The Song of the Lark   

Willa Cather    

Published 1915

American Novel

⭐⭐⭐ 


The Song of the Lark by Willa Cather, the second book in The Prairie Trilogy, is a coming of age story about a young girl and her artistic journey through life, to adulthood.  Using the main character Thea Kronborg to make an argument for artistic maturation, Cather states:


Artistic growth is...a refining of the sense of truthfulness.  The stupid believe that to be truthful is easy, only the artist, the great artist, knows how difficult it is.  


Thea is an independent, aspiring, young girl growing up in small town Moonstone, Colorado, whose ambition as a piano student takes her to the big city of Chicago.  But it is her ability to sing that brings her attention.  She decides to continue her singing in Germany where she blossoms into a successful performing artist, and finally realizes her achievements as an opera singer at the New York City Opera House.

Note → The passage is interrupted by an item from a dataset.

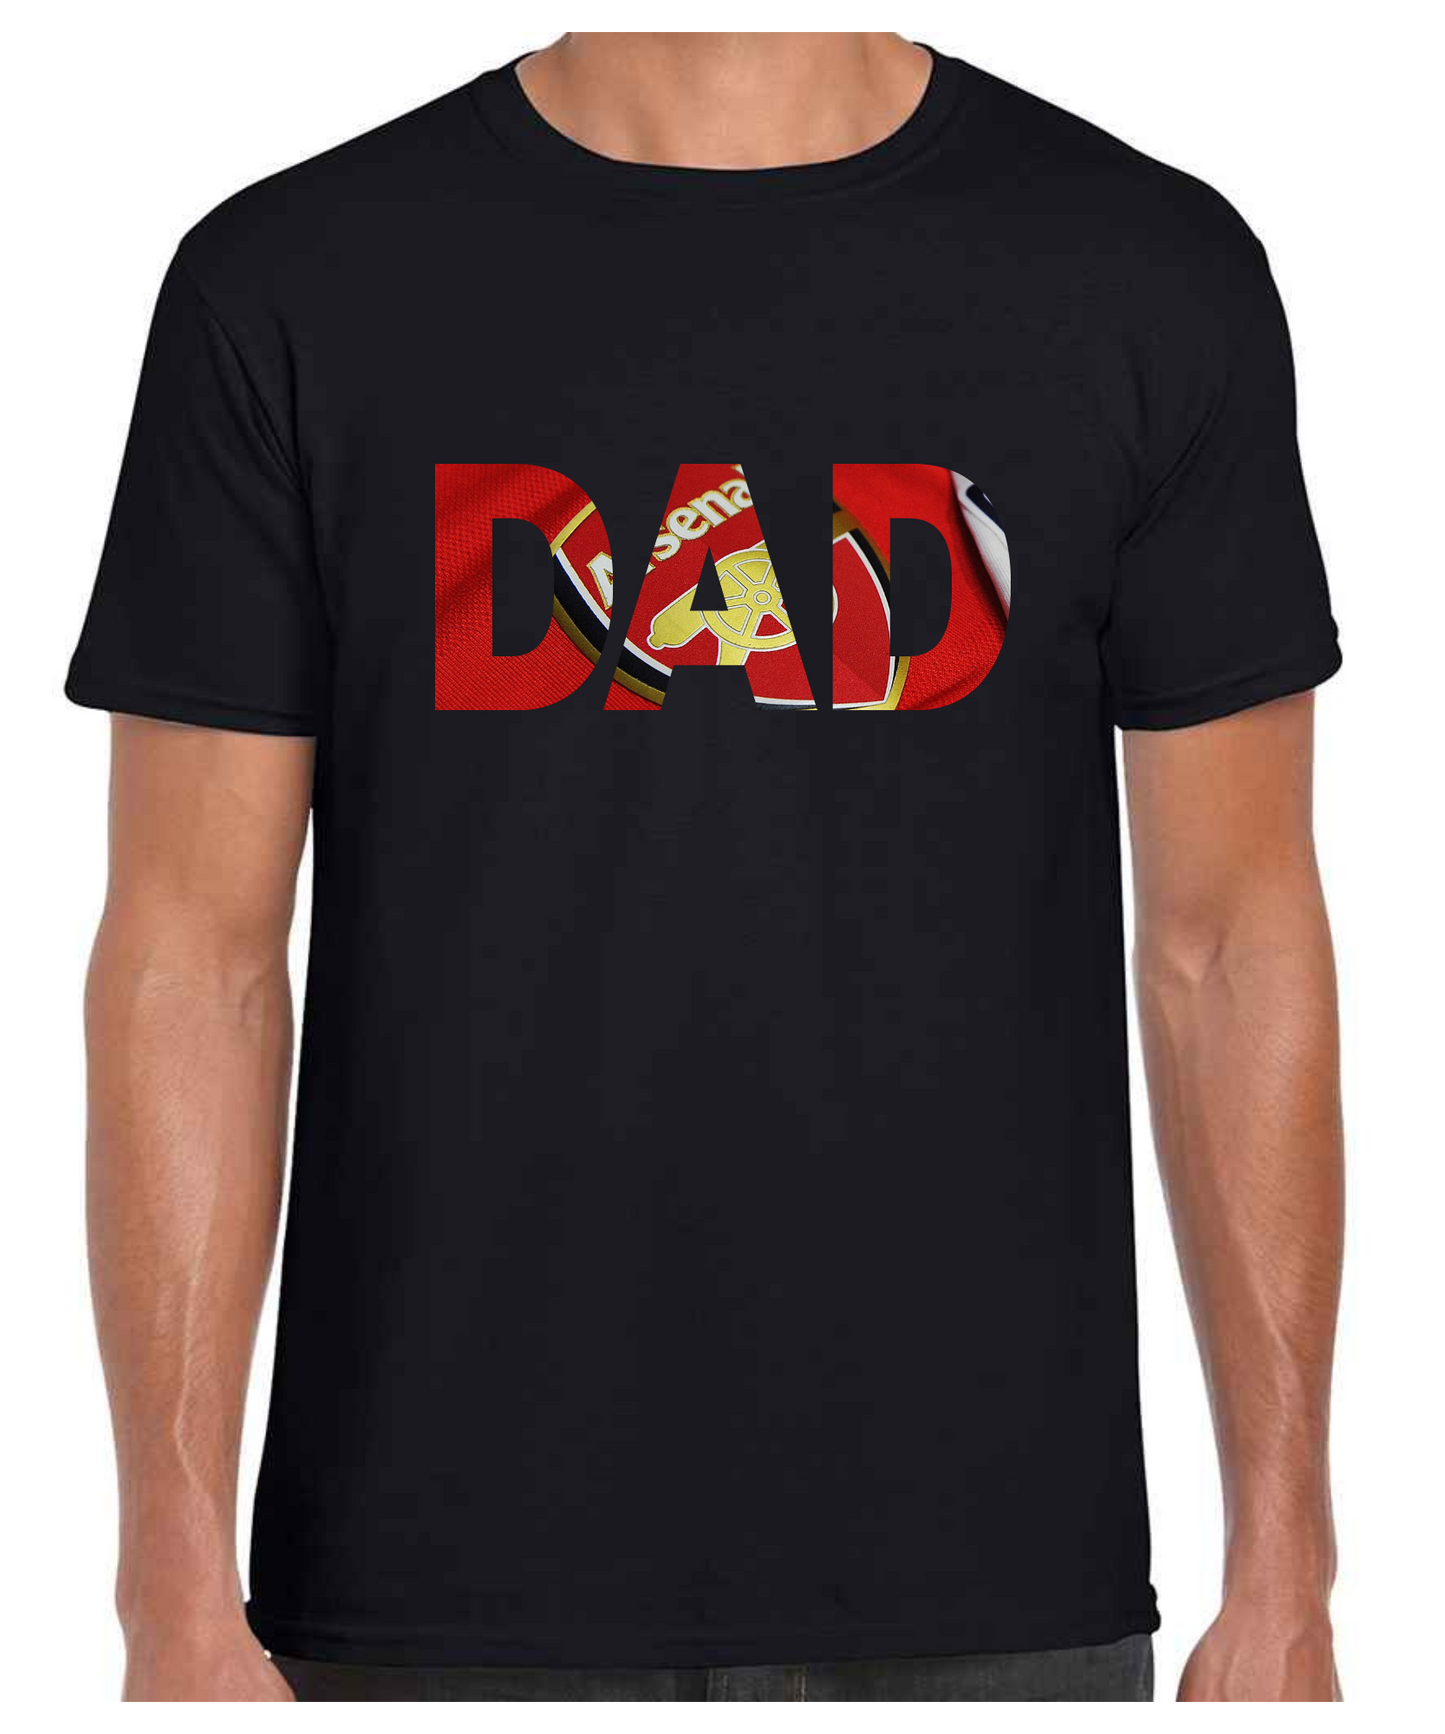 Arsenal - Dad T Shirt (White/Black/Grey)

Before Thea left for Germany, she spent time away from Chicago and her family in Colorado to grow and mature.  Here she was alone with nature, which was one of my favorite parts of the book.  Nature often means peacefulness to me, and I imagine Thea was experiencing that same peace; she was part of her environment, and it entranced her.  This was one of my favorite quotes:


Thea began to wonder whether people could not utterly lose the power to work, as they can lose their voice or their memory...And now her power to think seemed converted into a power of sustained sensation.  She could become a mere receptacle for heat, or become a color, like the bright lizards that darted about on the hot stones outside her door; or she could become a continuous repetition of sound, like the cicadas.  


Thea was talented, but it was not without personal difficulty and private struggles to achieve her place in the world.  The author ends her story with this:


The growth of an artist is an intellectual and spiritual development which can scarcely be followed in a personal narrative.  The story attempts to deal only with the simple and concrete beginnings which color and accent an artist's work, and to give some account of how a Moonstone girl found her way out of a vague, easy-going world into a life of disciplined endeavor.  Any account of the loyalty of young hearts to some  exalted ideal, and the passion with which they strive, will always, in some of us, rekindle generous emotions.

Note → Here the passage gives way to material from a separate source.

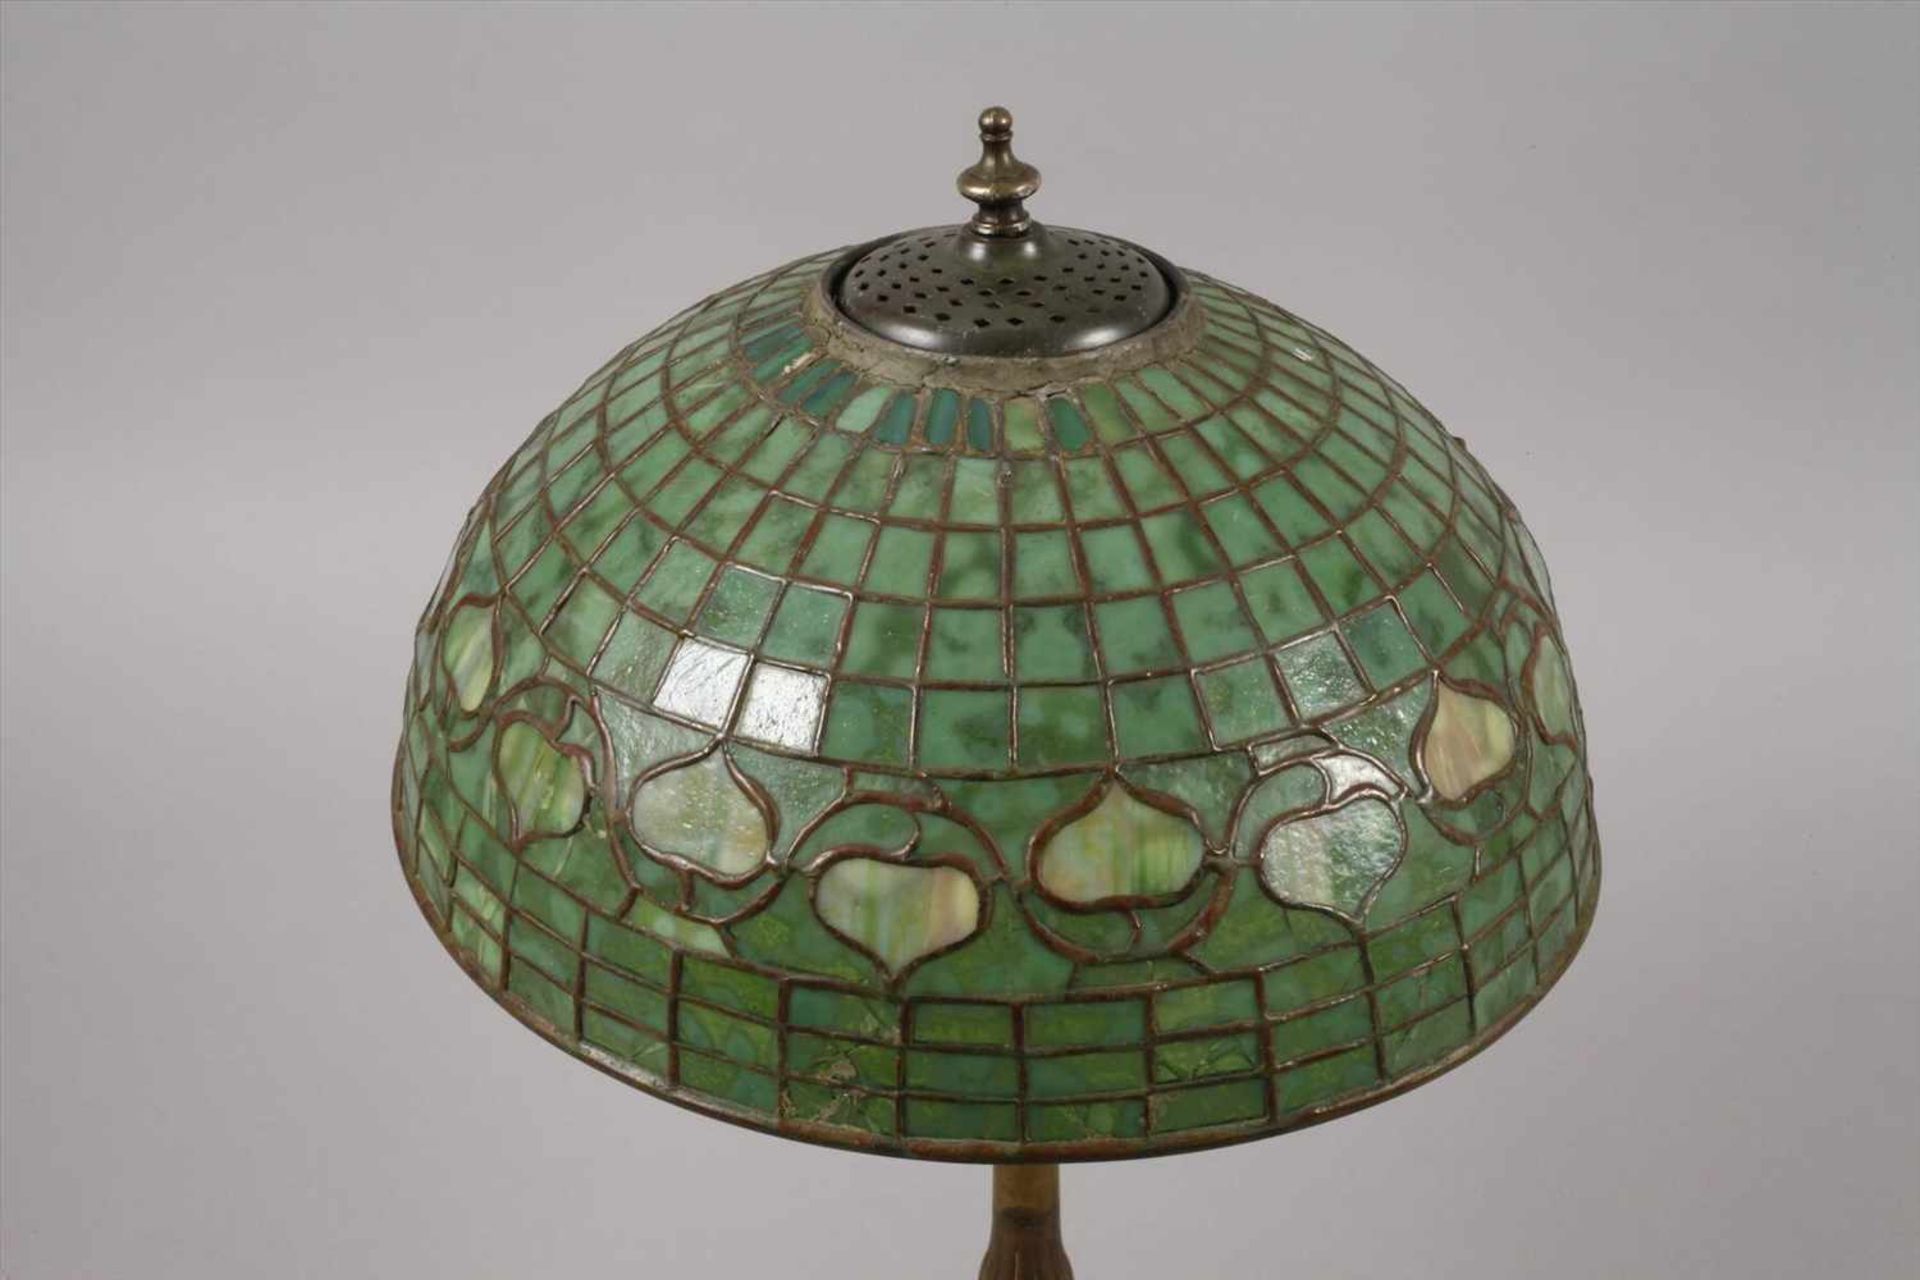 Tischlampe USA um 1910, ungemarkt, Pilzförmiger Schirm aus grün marmoriertem Bleiglas, Bronzefuß - Bild 3 aus 6

As with the other two Cather books I have read -- OPioneers, and My Antonia, also part of The Prairie Trilogy -- Cather's narratives are unhurried.  If her works were recipes, they would do well in a crockpot for slow, simmered cooking.  It is not my favorite of the Trilogy, and I felt a little disappointed; I was not as engaged in reading it.  However, this will not be my last Cather, and I look forward to reading Death Comes for the Archbishop next year.


By the way, this painting, with the same title and part of The Last Gleaning series, was the inspiration for Cather's novel.  The main character visits the art museum in Chicago and admires this work, by Jules Breton.


Also part of The Last Gleaning series, this work is at The Huntington Library and Museum in San Marino, California, and I was able to see it earlier this year.

No comments:

Post a Comment

Share your thoughts...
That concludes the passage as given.